Nanaimo didn’t just look different 100 years ago, it sounded different, too.

The chimes of the Great Frank clock were discussed last month at the City of Nanaimo heritage summit at the Nanaimo Museum. Christine Meutzner, manager of the Nanaimo Community Archives, gave a presentation on the clock, also called Big Frank, which used to be atop the old waterfront post office and now looks over the city from the tower of St. Peter’s Roman Catholic Church.

“Around 1920, there were at least five churches that had bells ringing and that clock,” Meutzner said. “We forget about sound historically, but the sound in Nanaimo would have been very different.”

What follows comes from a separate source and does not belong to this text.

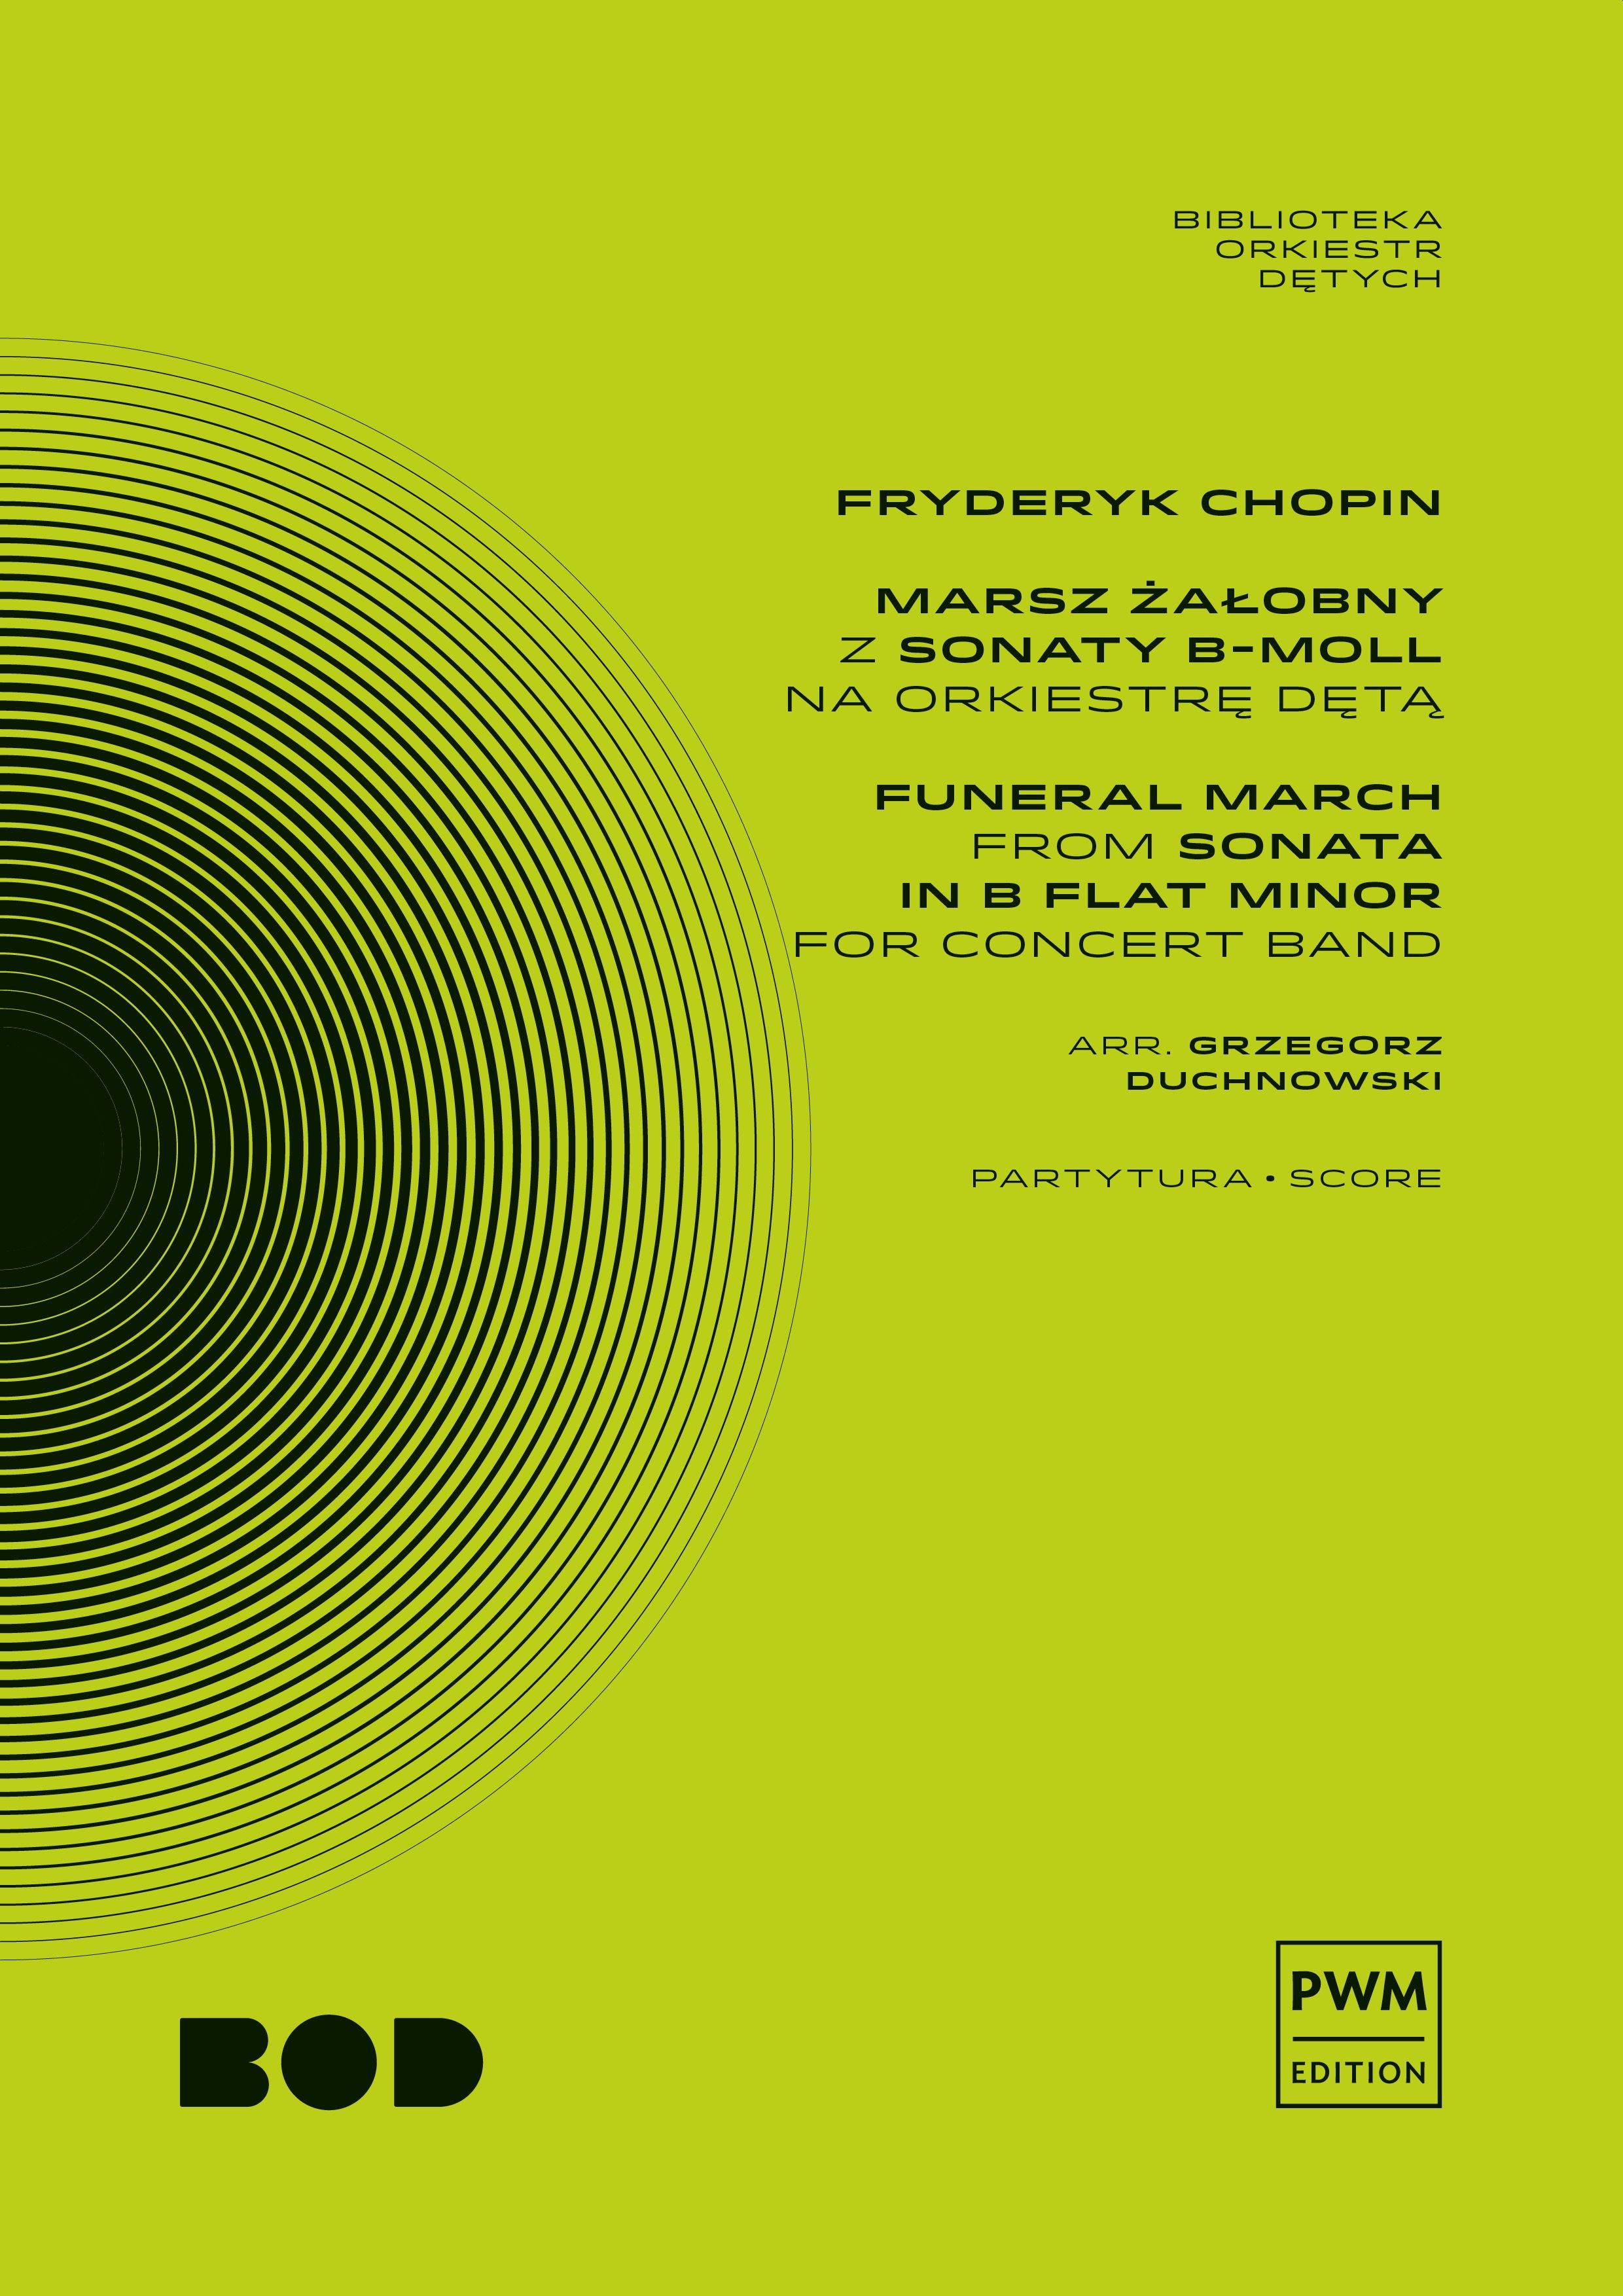 Frdric Chopin: Funeral March From Sonata In B Flat Minor: Concert Band: Score

Author and historian Jan Peterson, in her book Harbour City: Nanaimo in Transition, 1920-1967, writes that “the rhythm of the day in Nanaimo was set by mine whistles and by the chimes of ‘Big Frank,’ the Dominion Post Office clock.”

The clock got its name from Francis (Frank) Shepherd, who was Nanaimo’s member of Parliament from 1911-1917 – it was presumed that the Conservative MP’s influence had brought the federal dollars to his constituency for the post office building’s renovations, including the 45-foot (14-metre) clock tower. Born-and-raised Nanaimo watchmaker Joseph Miller Brown was contracted to build the four-faced clock, which ticked its first tock on Jan. 1, 1913.

Brown’s obituary in the Nanaimo Daily Free Press in 1942 notes that he “watched over the clock with affectionate care, the long climb to the clock in the post office tower failing to deter him throughout the third of a century.

“An incident is told that when a change was made to daylight savings, he stayed up for an hour in the clock tower one night to see if the correct hour should be struck.”

In 1953, it was decided that the old post office had to be demolished, but before that happened, Great Frank was salvaged by alderman Phil Piper and was kept in the basement of city hall for six years before it found its next home at St. Peter’s. The chimes never worked at the clock’s second home, nor were they intended to sound there.

“It’s very difficult to find somebody who has that kind of expertise. It’s also extremely expensive now,” Meutzner said.

She compared the clock to the Castaway Motel neon sign and old stand-alone gateposts on Stewart Avenue – none are heritage buildings, but are pieces of history Nanaimo has preserved. Whether Great Frank or Big Frank was great or big or both, the clock had pride of place once on Nanaimo’s waterfront and was a sight and sound of an era.

“People didn’t have a phone to whip out. Not everybody could afford a watchpiece,” Meutzner said. “That was where you looked, and especially with the chime.”